SPECS has been continuously developed and refined. The formation of liquid droplets, their interaction with water vapor (condensation, evaporation) and their collision processes within a cloud were described in a discrete spectrum (Simmel et al., 2002; Simmel and Wurzler et al., 2006). This stage of development of the model system has been successfully applied to the simulation of low orographic clouds (Simmel et al., 2005). With the description of immersion and contact freezing (Diehl et al., 2006, 2007), important processes for the formation of cloud ice were introduced. For this purpose, a second discrete spectrum for ice particles was implemented. The developed description of the freezing and melting processes is intermediate between the spectrum for liquid droplets and that for ice particles. In recent years, the description of ice microphysics has been further refined (Simmel et al., 2015).

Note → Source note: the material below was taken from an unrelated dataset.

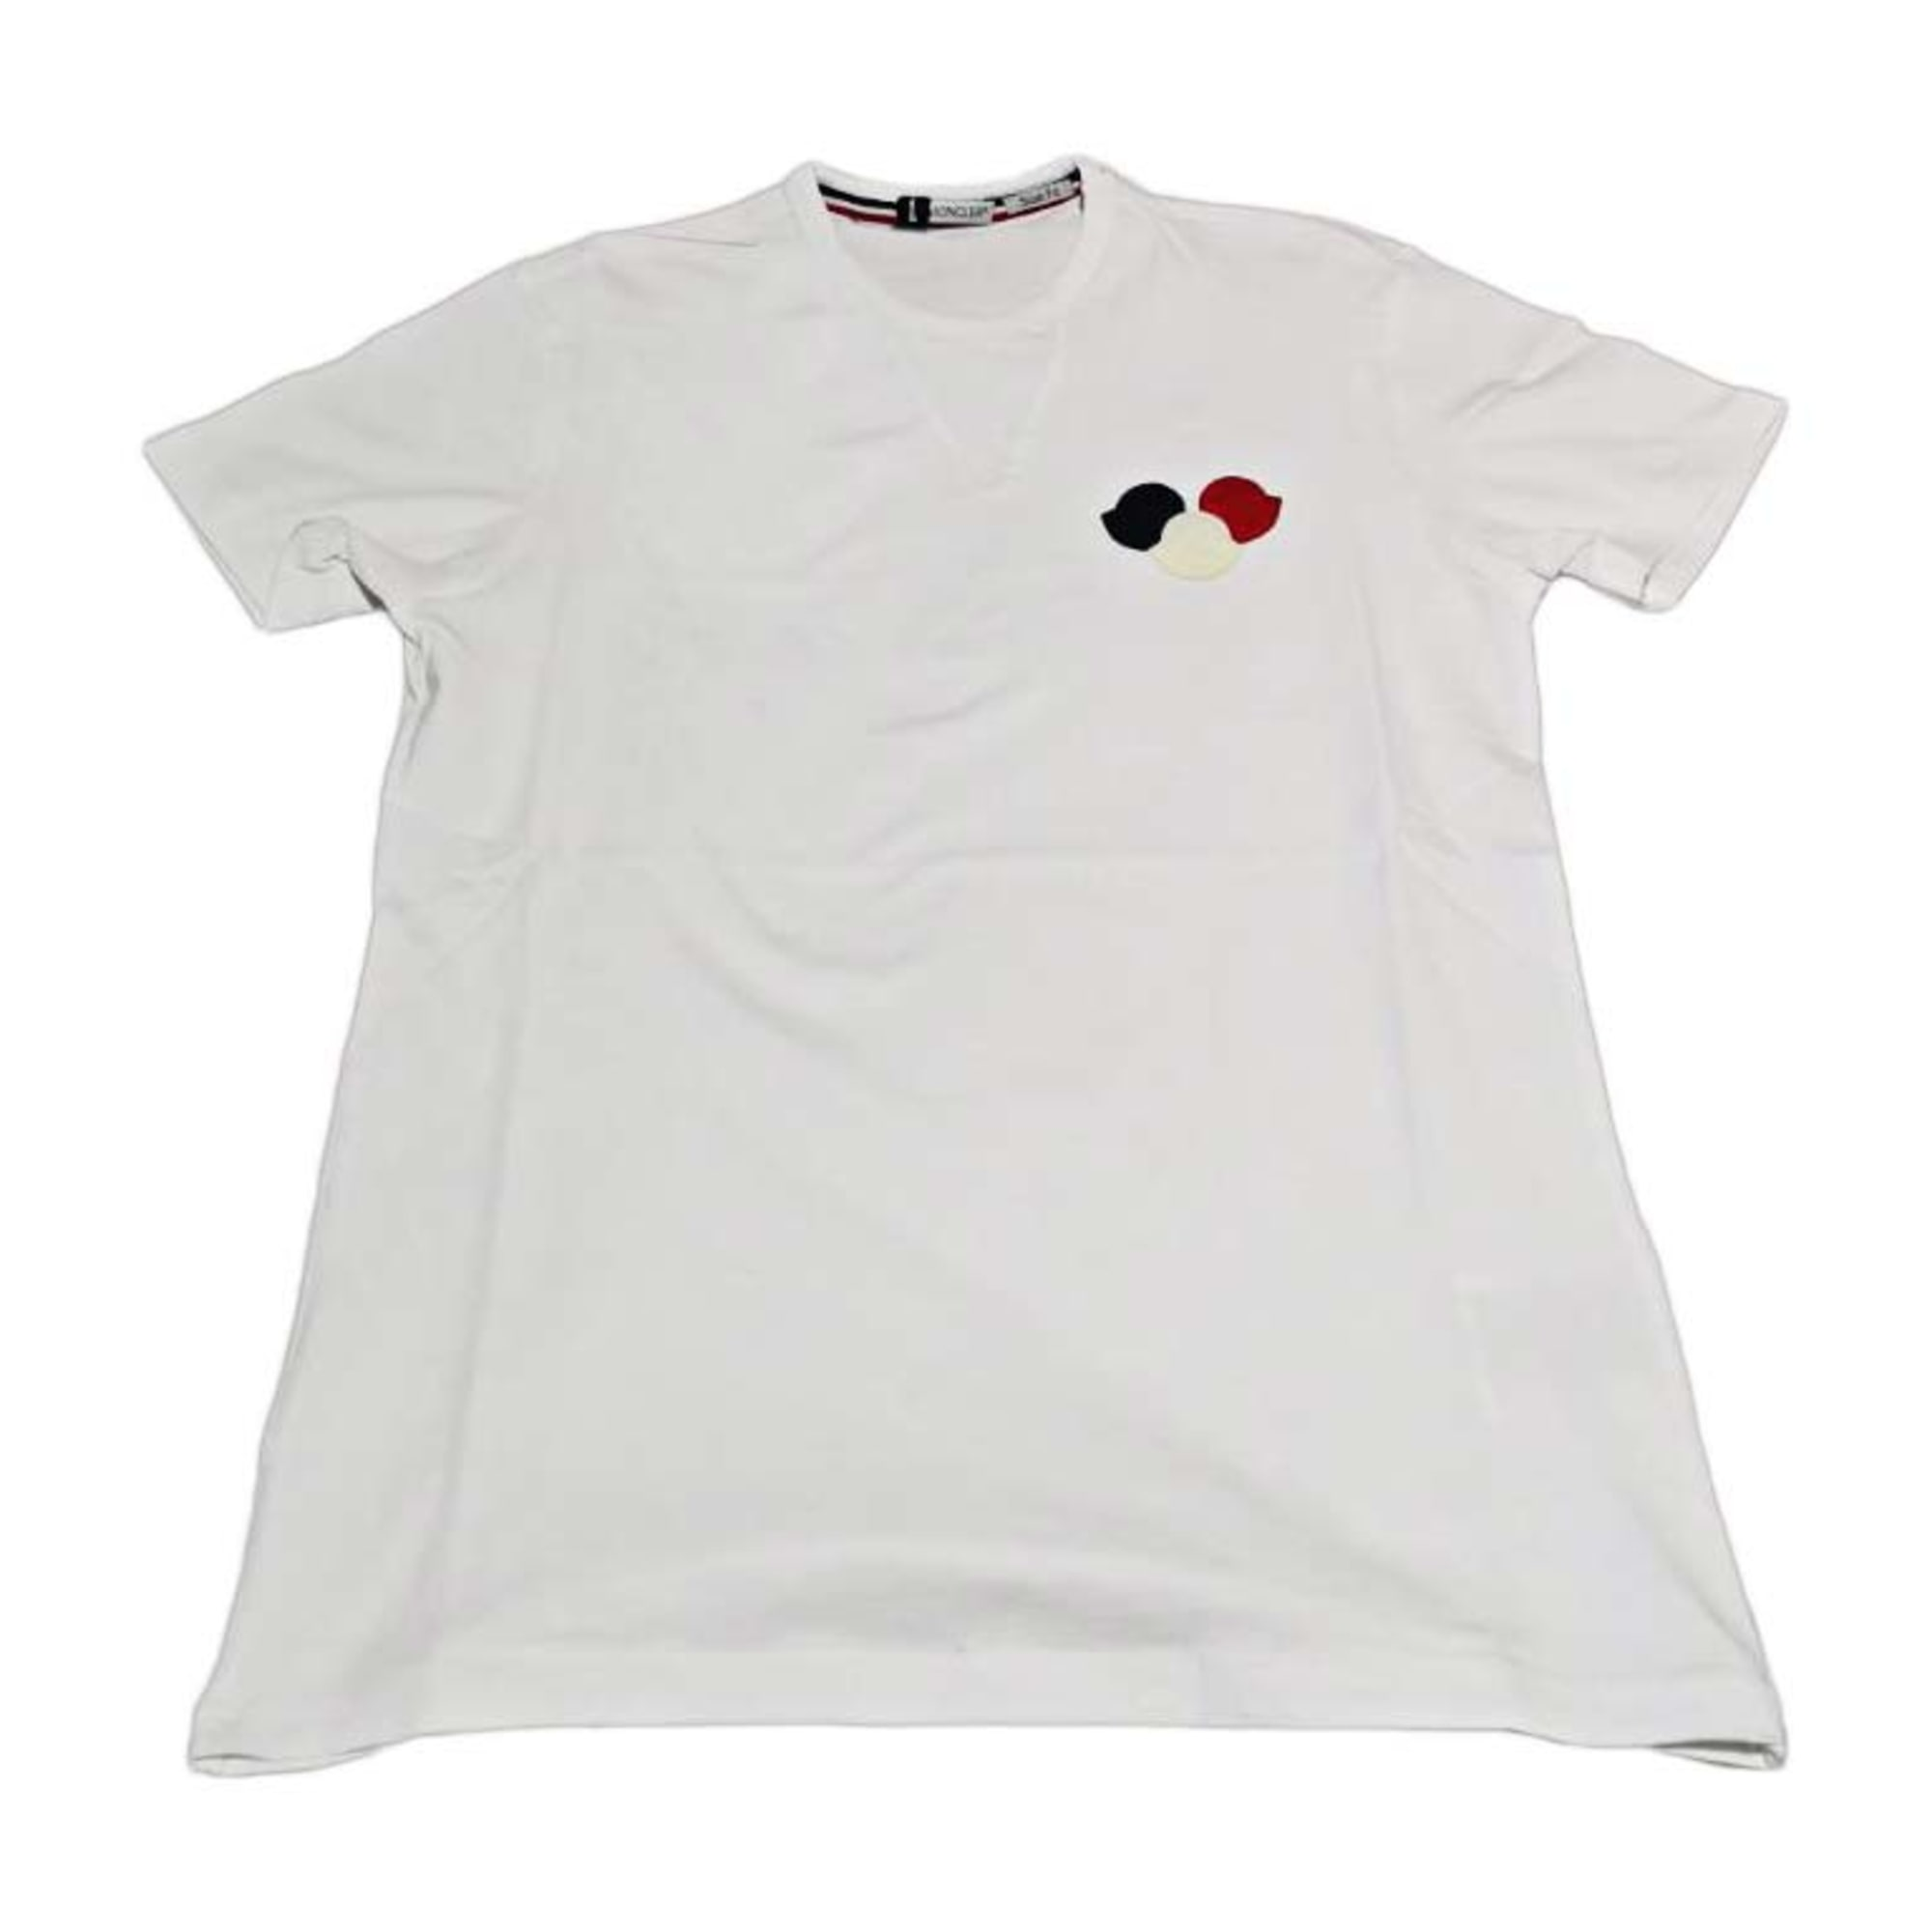 Tee-shirt MONCLER 1 (S) blanc vendu par Maqua - 8144315 9ccfcf01836

SPECS is thus a comprehensive model of cloud microphysics, which in particular allows investigations of the importance of aerosol properties for the formation of cloud droplets, cloud ice and ultimately precipitation. Special attention is paid to the description of aerosol-cloud interactions, e.g. the formation of cloud droplets at so-called cloud condensation nuclei (CCN) and the freezing of cloud droplets triggered by certain aerosol particles, so-called ice nucleating particles (see also cloud microphysics). For example, Figs. 3 and 4 show a more pronounced mixed phase with COSMO-SPECS, in which cloud droplets and ice particles coexist, and less formation of precipitation.
SPECS can be embedded in different dynamic forcings. Originally developed as a pure box model, SPECS can also be applied within air parcel models for idealized cases (constant updraft velocity, convective forcing, trajectory from orography or 3D models, observed updraft velocity profiles, ...). In addition, SPECS was coupled to the meteorological forecast model of the German Weather Service COSMO (formerly LM, now ICON) (Grützun et al., 2008). With COSMO-SPECS, the feedbacks on the dynamics of the more complex description of the cloud microphysics by SPECS compared to COSMO’s original 1- or 2-moment cloud microphysics can be investigated. Furthermore, the model system allows the simulation of realistic scenarios, which can be used to accompany field campaigns (Figs. 3 & 4).
Fig. 2: Time evolution of the spectrum of the combined droplet and ice crystal mass mixing ratio for a model run for the CyCare campaign. While the cloud droplets and ice crystals (1-100 µm) are located at about 3-7 km (middle part of the spectrum), large droplets and ice crystals (> 100 µm) can be seen at the right edge of the spectrum, which have sufficient falling velocities to reach the ground as precipitation.
Fig. 3: Time-height section of hydrometeor classification comparing COSMO (2-moment scheme) and COSMO-SPECS for a simulation over Cyprus on 24.01.2017 (CyCare -campaign).
Fig. 4: Time-height cross section of ice water content comparing COSMO (2-moment scheme) and COSMO-SPECS for a simulation over Cyprus on 24.01.2017 (CyCare -campaign).